Nothing left out, nothing added: return the full set of records.

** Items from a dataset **
•••
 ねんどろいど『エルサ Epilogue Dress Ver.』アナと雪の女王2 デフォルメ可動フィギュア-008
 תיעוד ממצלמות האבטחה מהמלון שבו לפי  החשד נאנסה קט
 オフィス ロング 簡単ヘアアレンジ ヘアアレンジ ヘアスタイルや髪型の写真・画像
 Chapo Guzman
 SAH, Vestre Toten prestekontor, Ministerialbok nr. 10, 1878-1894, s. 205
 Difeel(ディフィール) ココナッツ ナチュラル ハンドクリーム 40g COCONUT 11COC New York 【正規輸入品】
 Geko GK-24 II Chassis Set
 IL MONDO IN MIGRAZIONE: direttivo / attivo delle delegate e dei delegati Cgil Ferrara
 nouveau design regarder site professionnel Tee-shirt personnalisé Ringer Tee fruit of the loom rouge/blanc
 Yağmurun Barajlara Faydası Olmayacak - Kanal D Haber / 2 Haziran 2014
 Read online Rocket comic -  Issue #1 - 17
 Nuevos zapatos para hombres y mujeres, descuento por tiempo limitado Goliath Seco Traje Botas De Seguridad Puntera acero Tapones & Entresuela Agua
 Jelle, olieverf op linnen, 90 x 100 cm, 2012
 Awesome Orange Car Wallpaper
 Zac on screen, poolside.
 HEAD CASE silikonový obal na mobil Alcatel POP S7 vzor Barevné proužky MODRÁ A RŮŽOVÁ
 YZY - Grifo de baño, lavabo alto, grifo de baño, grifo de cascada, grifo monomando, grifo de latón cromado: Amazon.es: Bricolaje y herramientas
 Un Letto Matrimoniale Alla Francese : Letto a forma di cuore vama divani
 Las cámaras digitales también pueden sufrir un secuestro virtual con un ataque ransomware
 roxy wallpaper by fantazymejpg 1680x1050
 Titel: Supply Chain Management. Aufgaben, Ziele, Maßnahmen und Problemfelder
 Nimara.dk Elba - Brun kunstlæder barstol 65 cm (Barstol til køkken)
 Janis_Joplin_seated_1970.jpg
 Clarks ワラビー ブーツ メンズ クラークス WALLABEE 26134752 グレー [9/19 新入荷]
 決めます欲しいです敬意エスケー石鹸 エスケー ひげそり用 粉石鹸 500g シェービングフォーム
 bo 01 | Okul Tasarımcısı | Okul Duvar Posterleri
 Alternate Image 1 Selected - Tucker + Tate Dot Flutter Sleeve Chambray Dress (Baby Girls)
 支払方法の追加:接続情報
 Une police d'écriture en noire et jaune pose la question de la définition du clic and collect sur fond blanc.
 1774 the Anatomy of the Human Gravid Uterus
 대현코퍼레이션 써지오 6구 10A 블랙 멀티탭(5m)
•••
** Final answer **
 ねんどろいど『エルサ Epilogue Dress Ver.』アナと雪の女王2 デフォルメ可動フィギュア-008
 תיעוד ממצלמות האבטחה מהמלון שבו לפי  החשד נאנסה קט
 オフィス ロング 簡単ヘアアレンジ ヘアアレンジ ヘアスタイルや髪型の写真・画像
 Chapo Guzman
 SAH, Vestre Toten prestekontor, Ministerialbok nr. 10, 1878-1894, s. 205
 Difeel(ディフィール) ココナッツ ナチュラル ハンドクリーム 40g COCONUT 11COC New York 【正規輸入品】
 Geko GK-24 II Chassis Set
 IL MONDO IN MIGRAZIONE: direttivo / attivo delle delegate e dei delegati Cgil Ferrara
 nouveau design regarder site professionnel Tee-shirt personnalisé Ringer Tee fruit of the loom rouge/blanc
 Yağmurun Barajlara Faydası Olmayacak - Kanal D Haber / 2 Haziran 2014
 Read online Rocket comic -  Issue #1 - 17
 Nuevos zapatos para hombres y mujeres, descuento por tiempo limitado Goliath Seco Traje Botas De Seguridad Puntera acero Tapones & Entresuela Agua
 Jelle, olieverf op linnen, 90 x 100 cm, 2012
 Awesome Orange Car Wallpaper
 Zac on screen, poolside.
 HEAD CASE silikonový obal na mobil Alcatel POP S7 vzor Barevné proužky MODRÁ A RŮŽOVÁ
 YZY - Grifo de baño, lavabo alto, grifo de baño, grifo de cascada, grifo monomando, grifo de latón cromado: Amazon.es: Bricolaje y herramientas
 Un Letto Matrimoniale Alla Francese : Letto a forma di cuore vama divani
 Las cámaras digitales también pueden sufrir un secuestro virtual con un ataque ransomware
 roxy wallpaper by fantazymejpg 1680x1050
 Titel: Supply Chain Management. Aufgaben, Ziele, Maßnahmen und Problemfelder
 Nimara.dk Elba - Brun kunstlæder barstol 65 cm (Barstol til køkken)
 Janis_Joplin_seated_1970.jpg
 Clarks ワラビー ブーツ メンズ クラークス WALLABEE 26134752 グレー [9/19 新入荷]
 決めます欲しいです敬意エスケー石鹸 エスケー ひげそり用 粉石鹸 500g シェービングフォーム
 bo 01 | Okul Tasarımcısı | Okul Duvar Posterleri
 Alternate Image 1 Selected - Tucker + Tate Dot Flutter Sleeve Chambray Dress (Baby Girls)
 支払方法の追加:接続情報
 Une police d'écriture en noire et jaune pose la question de la définition du clic and collect sur fond blanc.
 1774 the Anatomy of the Human Gravid Uterus
 대현코퍼레이션 써지오 6구 10A 블랙 멀티탭(5m)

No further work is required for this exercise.